Noel Garvan

Personal information
- Nickname: Garvo
- Born: 29 September 1978 (age 47) Ireland
- Height: 1.93 m (6 ft 4 in)

Sport
- Sport: Gaelic football
- Position: Midfield

Club
- Years: Club
- ? -?: St Joseph's

Club titles
- Laois titles: 2

Inter-county
- Years: County
- ?- ?: Laois

Inter-county titles
- Leinster titles: 1

= Noel Garvan =

Irish Gaelic footballer

Noel Garvan is a former inter-county Gaelic footballer from County Laois.

He plays for the St Joseph's club. He usually played at midfield for Laois and played a huge part in 2003 when Laois ended the 57-year wait for the Leinster Senior Football Championship title.

Garvan emerged on to the scene in 1996 as part of the Laois minor team that won the All-Ireland Minor Football Championship title.

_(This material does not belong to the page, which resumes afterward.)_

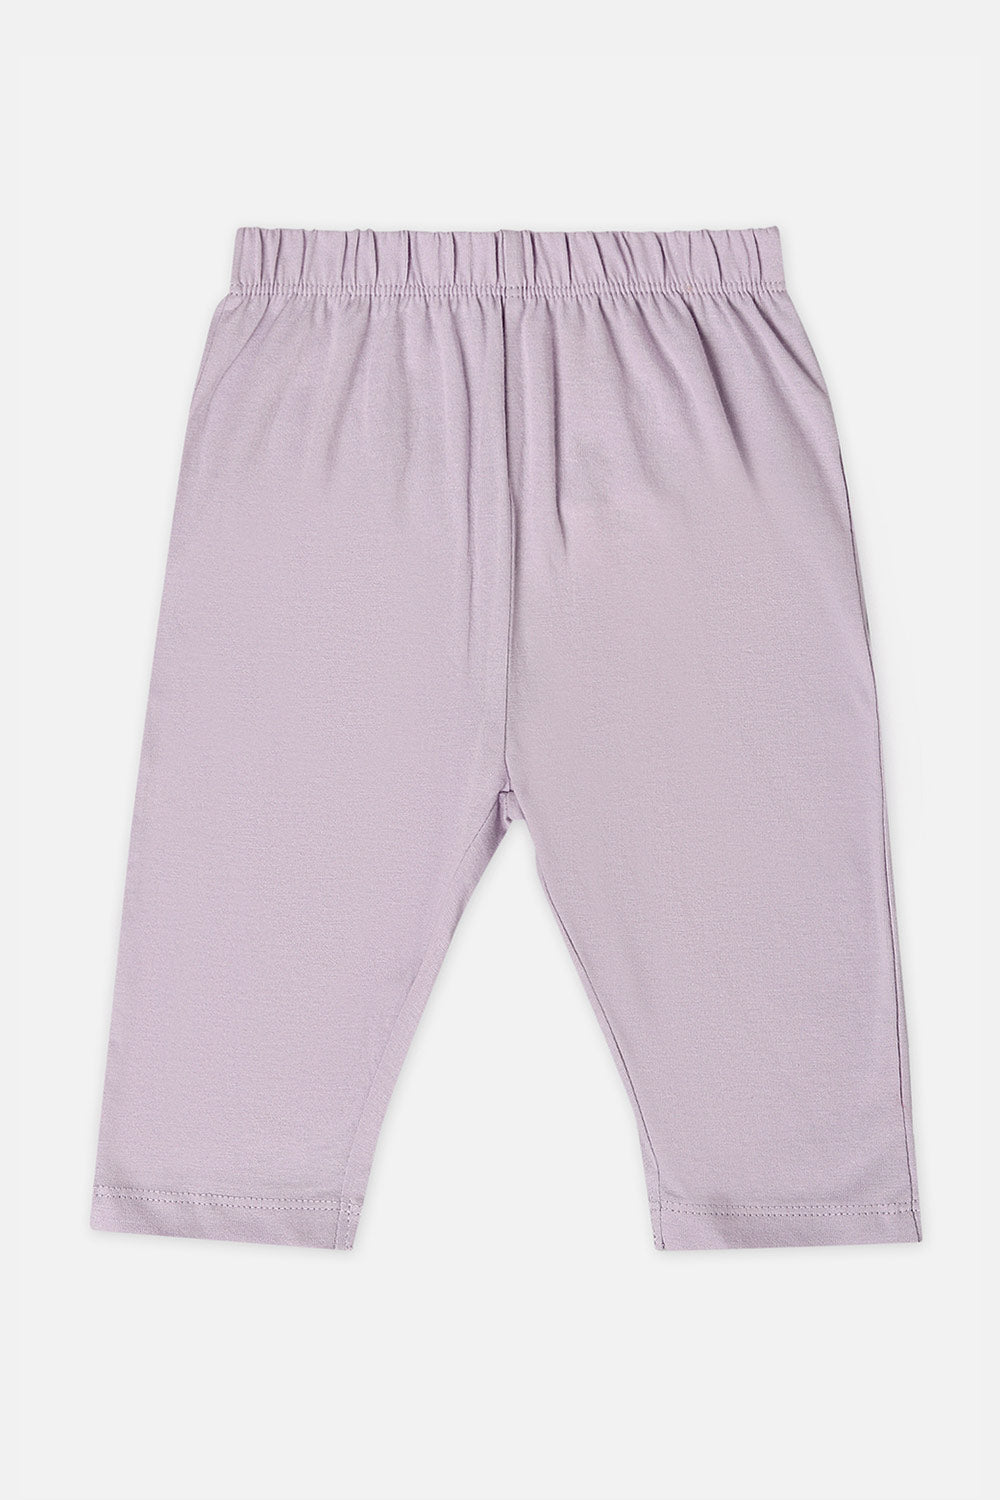 Oh Baby Comfy Pant Lavender-Tr10
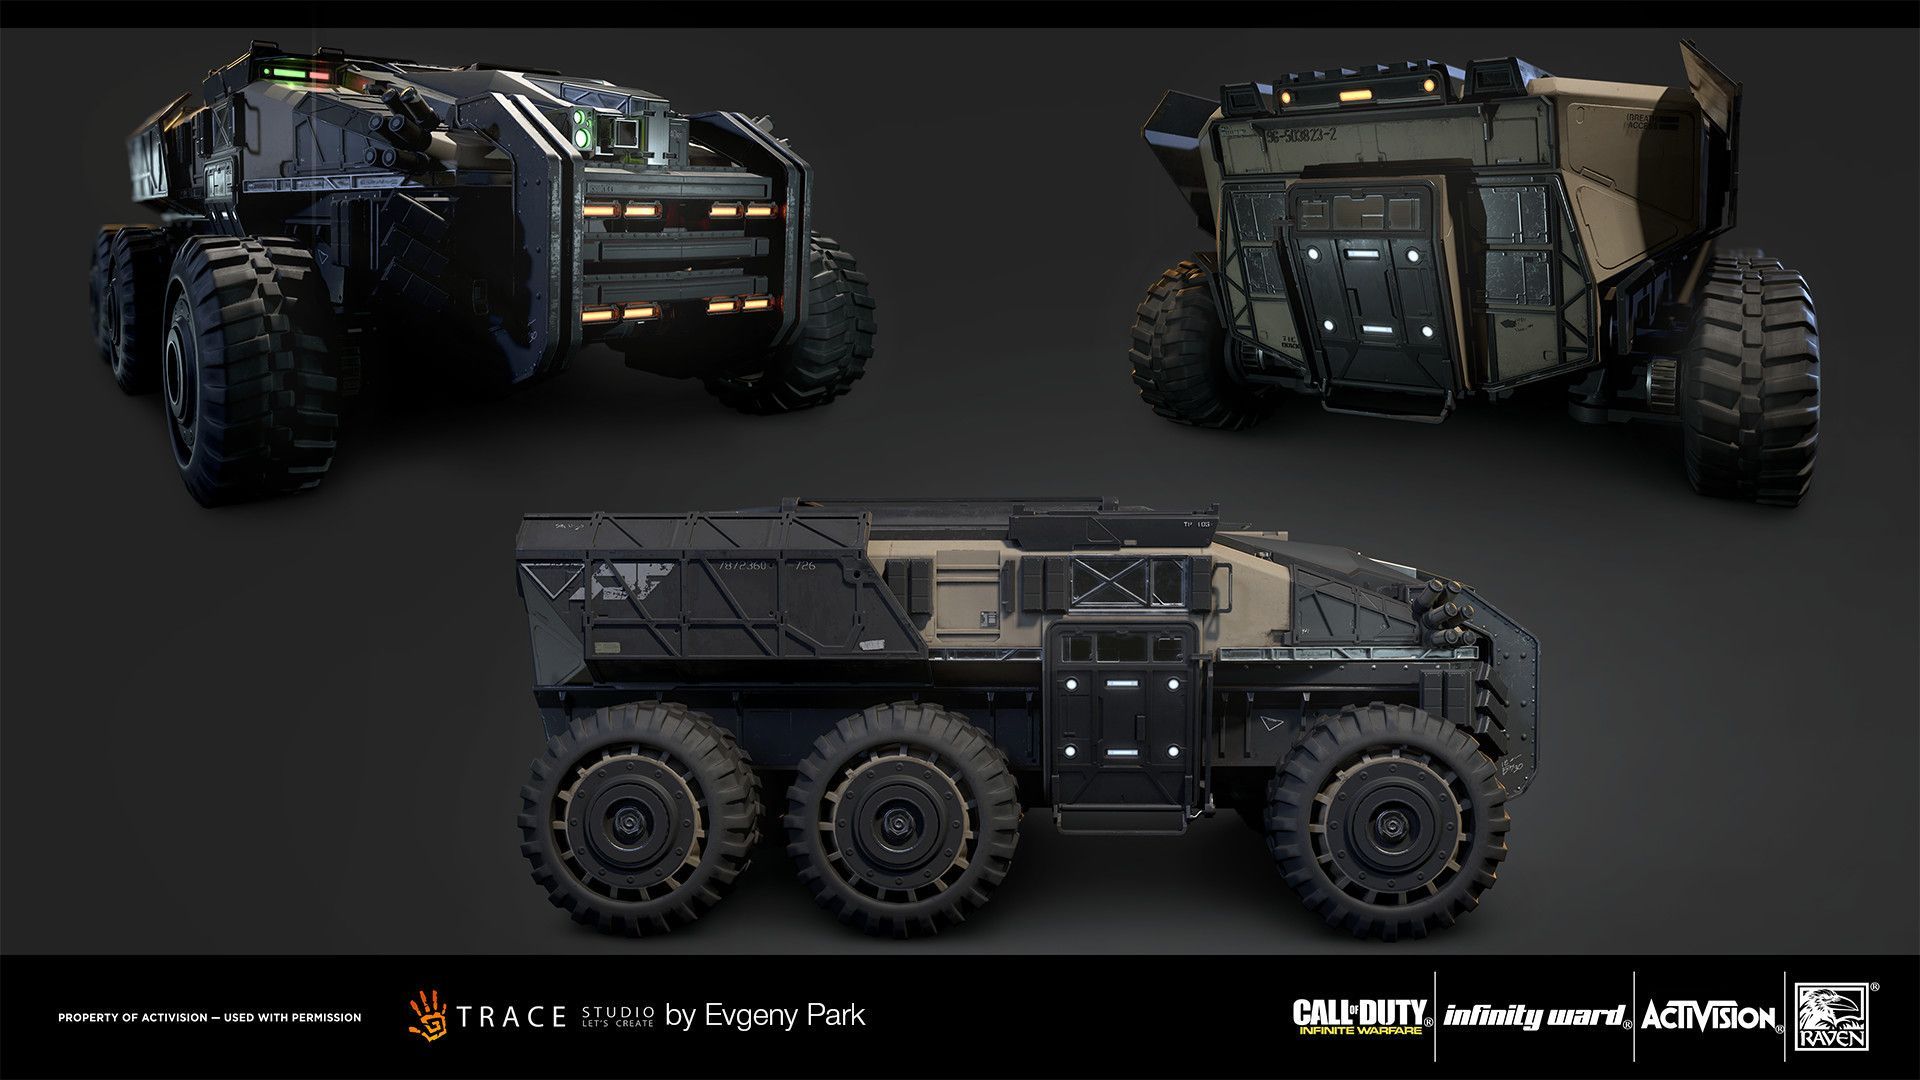 Assets for Call of Duty Infinite Warfare, Evgeny Park. Call of duty infinite, Infinite warfare, Call of duty

Son of Tommy Garvan, himself no mean operator on a football field, Noel Garvan caught the eye with his spectacular high fielding as a minor and quickly progressed through the ranks picking up a Leinster U21 Football Championship medal in 1998 before adding a Sigerson Cup title to his honours list in 1999 when he also won the Player of the Tournament award with IT Tralee.

After a spectacular 2005 campaign in which he captained his county to the O'Byrne Cup, Garvan received a well-deserved All Stars nomination. In the same year, he won an Interprovincial Championship medal with his province Leinster.

With St Joseph's, Garvan has picked up two Laois Senior Football Championship medals.